Housing market slump uk: What is Causing the Housing Market Slump in the UK?

housing market slump uk — GB news

The UK housing market is currently experiencing a notable slump, with 47% of homeowners who requested property valuations in the first quarter of 2026 proceeding to list their homes. This marks a significant decline from the 68% who listed their homes in the same period the previous year. The average property price has also taken a hit, falling by 0.5% in March 2026 compared to February, bringing the average price down to £299,677.

As the market cools, the average two-year fixed-rate mortgage has risen sharply to 5.90% as of April 12, 2026, up from 4.83% at the beginning of March. This increase in borrowing costs is contributing to a sense of anxiety among potential buyers and sellers. Andy Wicking, a local estate agent, remarked, “It’s very nervous. There are lots of anxious people.” The rising rates have made it increasingly difficult for many to secure affordable financing, further dampening market activity.

The situation has been exacerbated by geopolitical tensions, particularly in the Middle East, which have introduced a layer of uncertainty into the housing market. Amanda Bryden, a market analyst, noted, “The recent slowdown in the housing market reflects the wider uncertainty regarding the conflict in the Middle East.” This uncertainty has led to buyers withdrawing from purchases, causing transaction chains to collapse, especially at the lower end of the market.

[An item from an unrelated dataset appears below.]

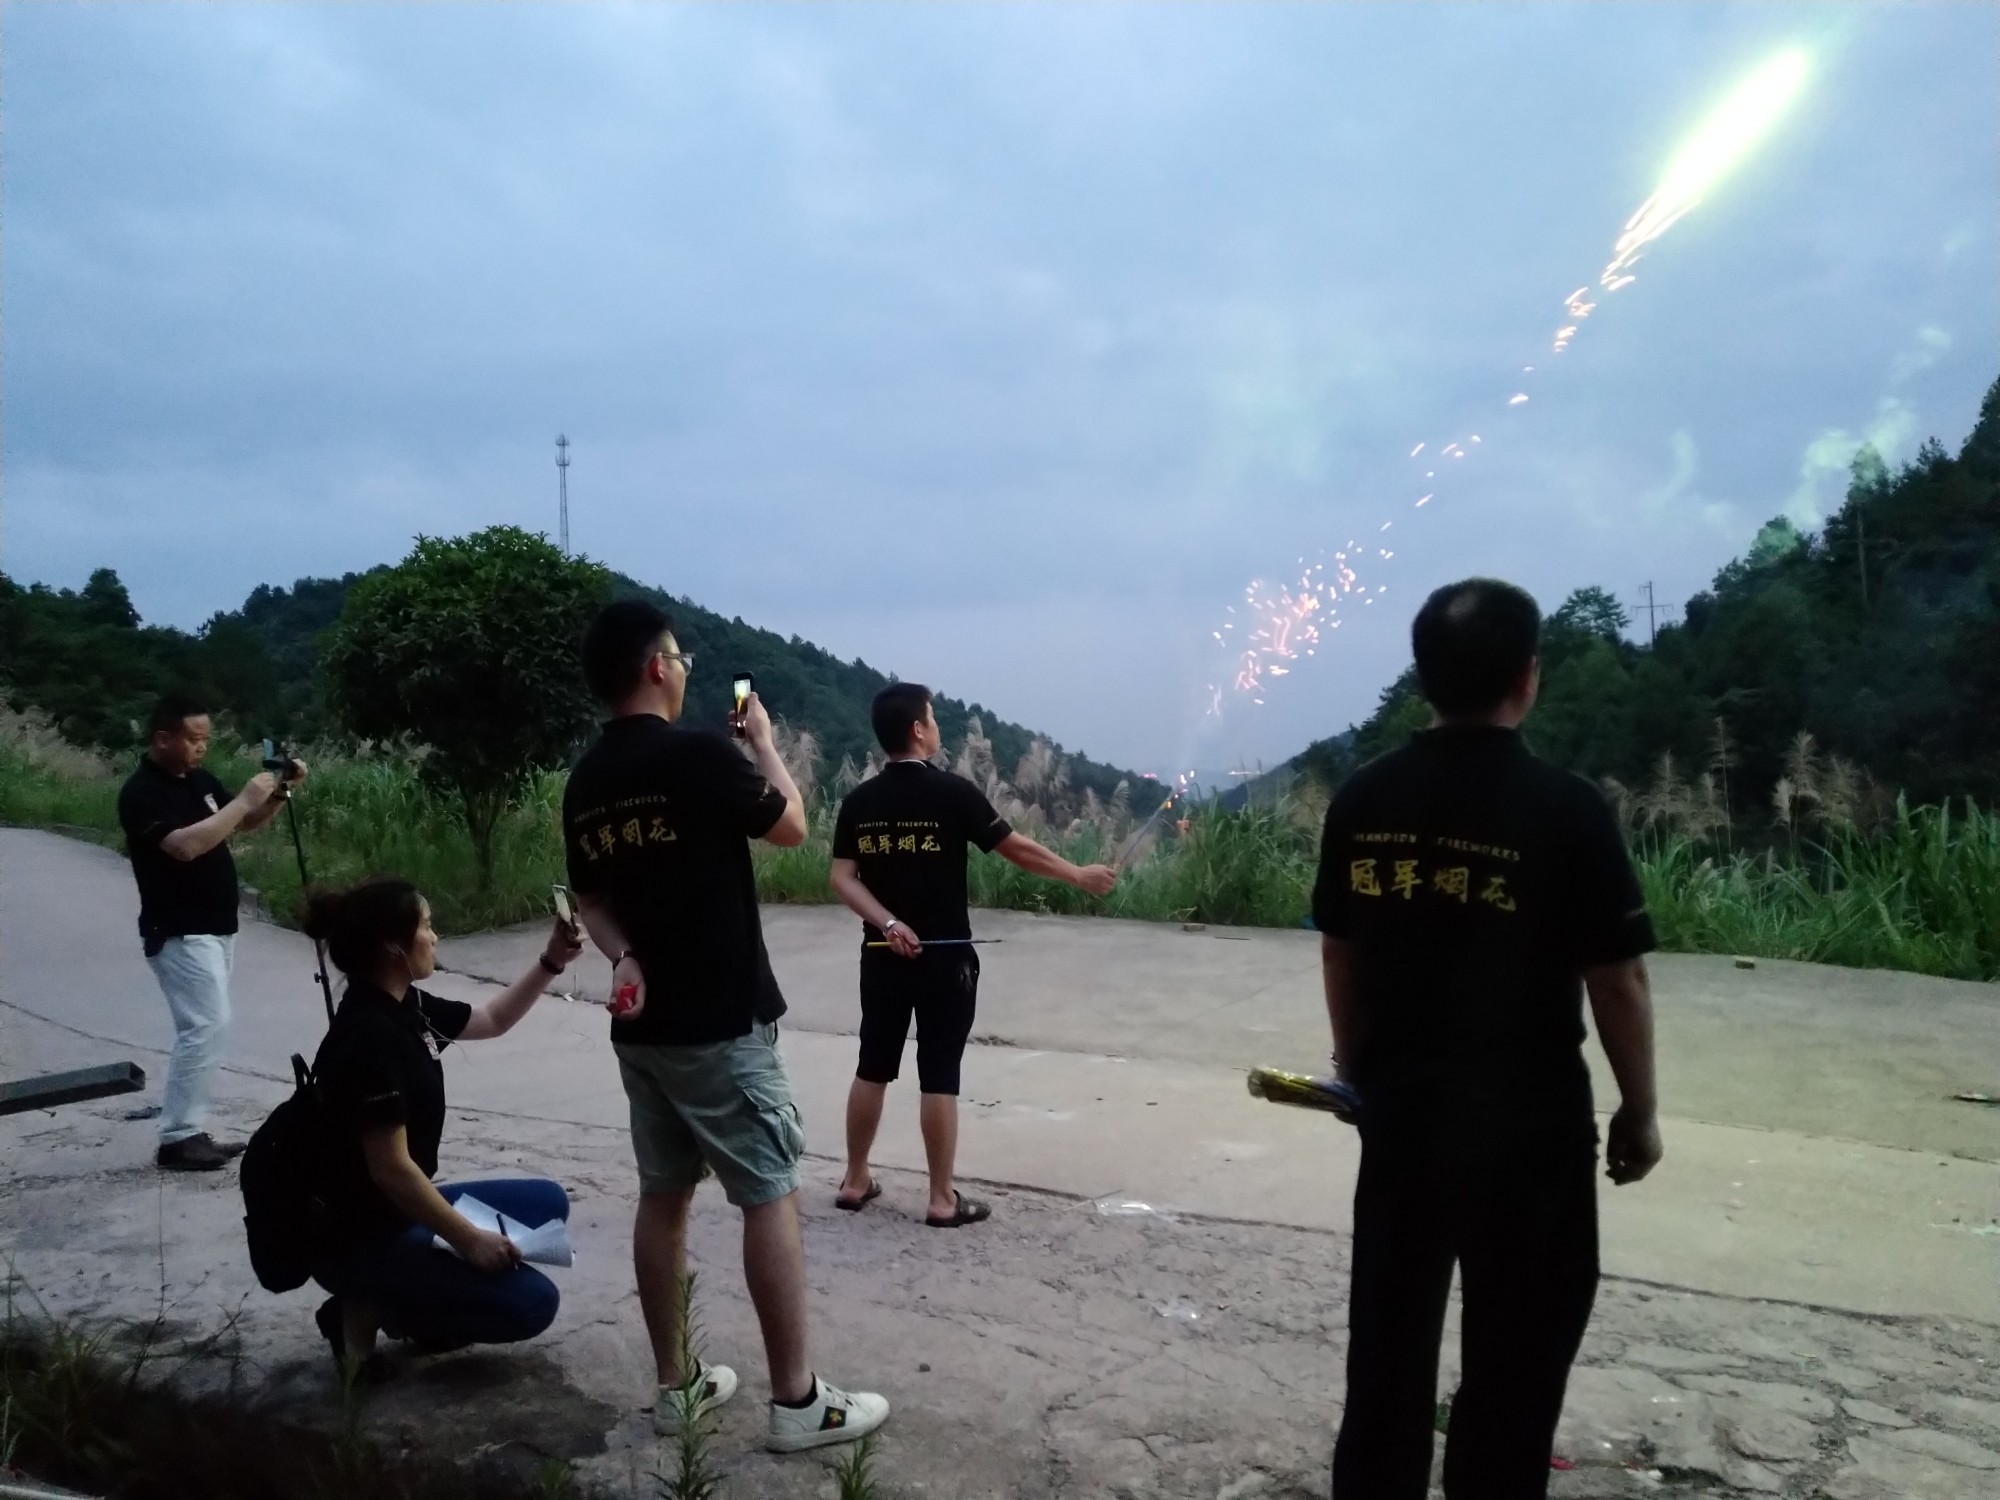 Live video of fireworks sample testing for Malaysia customer

In a striking example of the market’s challenges, Martin Short, a homeowner in Canterbury, saw his property asking price plummet from £750,000 to £525,000 due to market disruptions. Such drastic reductions in asking prices highlight the difficulties sellers are facing in attracting buyers amid rising costs and declining demand. Surveyors are increasingly down-valuing properties during the transaction process, further complicating the landscape for sellers.

Nearly a million homeowners are expected to come off five-year fixed deals in 2026, which could lead to further instability in the market. As these homeowners seek new mortgages, they may find themselves facing significantly higher monthly payments, with an average increase of £94 reported for those securing new deals. This situation has left many feeling trapped, as expressed by Martin Short, who said, “We’re trapped.”

With the ongoing fluctuations in the housing market, observers are left to ponder the future trajectory of mortgage rates and property values. Adam French, a financial expert, suggested that “the longer the ceasefire holds and markets calm, the more the mortgage market will stabilise and rates could begin to edge lower.” However, the long-term impact of the Middle East conflict on the UK housing market remains unclear, and details remain unconfirmed.

As the UK navigates this challenging period, the housing market slump raises important questions about economic stability and the future of homeownership. With rising inflation concerns and a shifting geopolitical landscape, the coming months will be crucial in determining how the market adapts to these pressures.